# popping the bead..



## mr_3_0_5 (Mar 9, 2010)

i seem to be having some trouble getting these beads to set.. 
im running 35 psi in the rears and the beads just wont pop all the way.. 
anyone else have problem getting the beads to set? 
i have 27" backs and they are being a pain in the arse. 
what psi should i go to before breaking them down again. 
ive tried breaking them down more then once and refilling. ive even let the air out sprayed in the crease with wd-40 waited tried to refill at 38psi and beat on it with a rubber mallet.. 
if anyone has some bead popping secrets please tell.. 
at what psi will these tire blow? i guess im gonna have to put more presure in em..


----------



## gpinjason (Nov 10, 2009)

I found that a little soapy water will lubricate a little better than WD-40... I had a hard time getting one of my 28's to seat, just kept trying till it finally popped on and scared the crap outta me...


----------



## NMKawierider (Apr 11, 2009)

On the last set I had I tried everything. I even sanded down just a little the inner beed ring and repolished it. No go. Finaly found the stuff...sylicone spray..both the rimb and the beed. Popped first time...so loud sent me out the door...lol...but it went...finaly.


----------



## mr_3_0_5 (Mar 9, 2010)

i will try both soapy water, and silicone spray.. any other tips? someone mentioned strapping the tire while filling it.. any help would be great.


----------



## JHR (Jan 29, 2010)

i used grease before just put a good coat around the bead of the tire and i also used dawn dishwashing liquid. Just lube it up real good with straight dawn and it has never gave me any problems. I just squirt it right on the bead and use my finger to cover the whole bead really good.


----------



## phreebsd (Dec 16, 2004)

dawn and palmolive soap work the best.


----------



## Muleskinner (Apr 24, 2009)

The best is the black bead seal goop. It lubes really well then glues the bead down. I wouldn't recommend any aggressive high speed driving or rock crawling with grease or silcone spray on the bead but I guess you won't be doing that with backs anyway.


----------



## gpinjason (Nov 10, 2009)

mr_3_0_5 said:


> i will try both soapy water, and silicone spray.. any other tips? someone mentioned strapping the tire while filling it.. any help would be great.

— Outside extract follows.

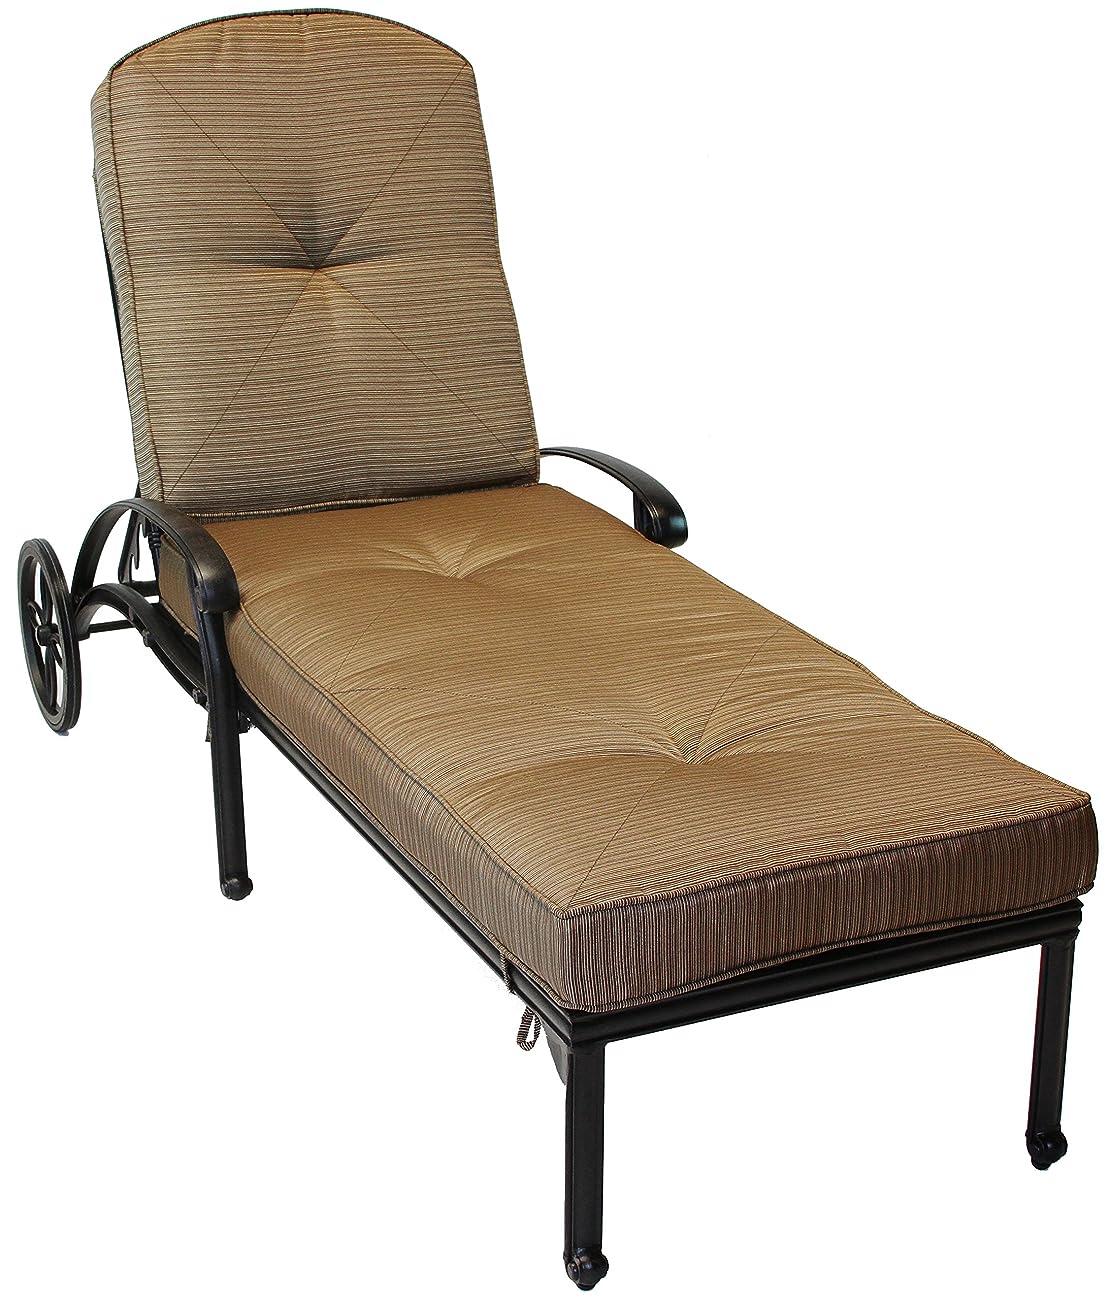 Heritage Outdoor Living Nassau Cast Aluminum Chaise lounge - Antique Bronze 1

Yes if you have a good heavy duty 2" ratchet strap, you can put it around the circumference of the tire and tighten it down as tight as you can get it... it will force the air to push out on the beads more... but as soon as the beads pop on, you will want to loosen the straps... and watch your fingers..


----------



## gpinjason (Nov 10, 2009)

Muleskinner said:


> The best is the black bead seal goop. It lubes really well then glues the bead down. I wouldn't recommend any aggressive high speed driving or rock crawling with grease or silcone spray on the bead but I guess you won't be doing that with backs anyway.


^ yeah, the grease and silicone will stay on there and keep the bead slick... soapy water and bead sealant will eventually dry out


----------



## hudsonmicah (Mar 22, 2010)

JHR said:


> i used grease before just put a good coat around the bead of the tire and i also used dawn dishwashing liquid. Just lube it up real good with straight dawn and it has never gave me any problems. I just squirt it right on the bead and use my finger to cover the whole bead really good.


Agreed, The soap part, not the grease. Worked for me 2 nights ago


----------



## mr_3_0_5 (Mar 9, 2010)

if all these tips dont get er done i may have some backs for sale soon.. lol 
thanks guys ill give it another shot.


----------



## JHR (Jan 29, 2010)

i used the grease right before nats on my 31's and i dismounted them 2 days ago and there was no grease to be found on the beads. It wears off easily. And i like using dawn now cause it is a hell of a lot cleaner. lol


----------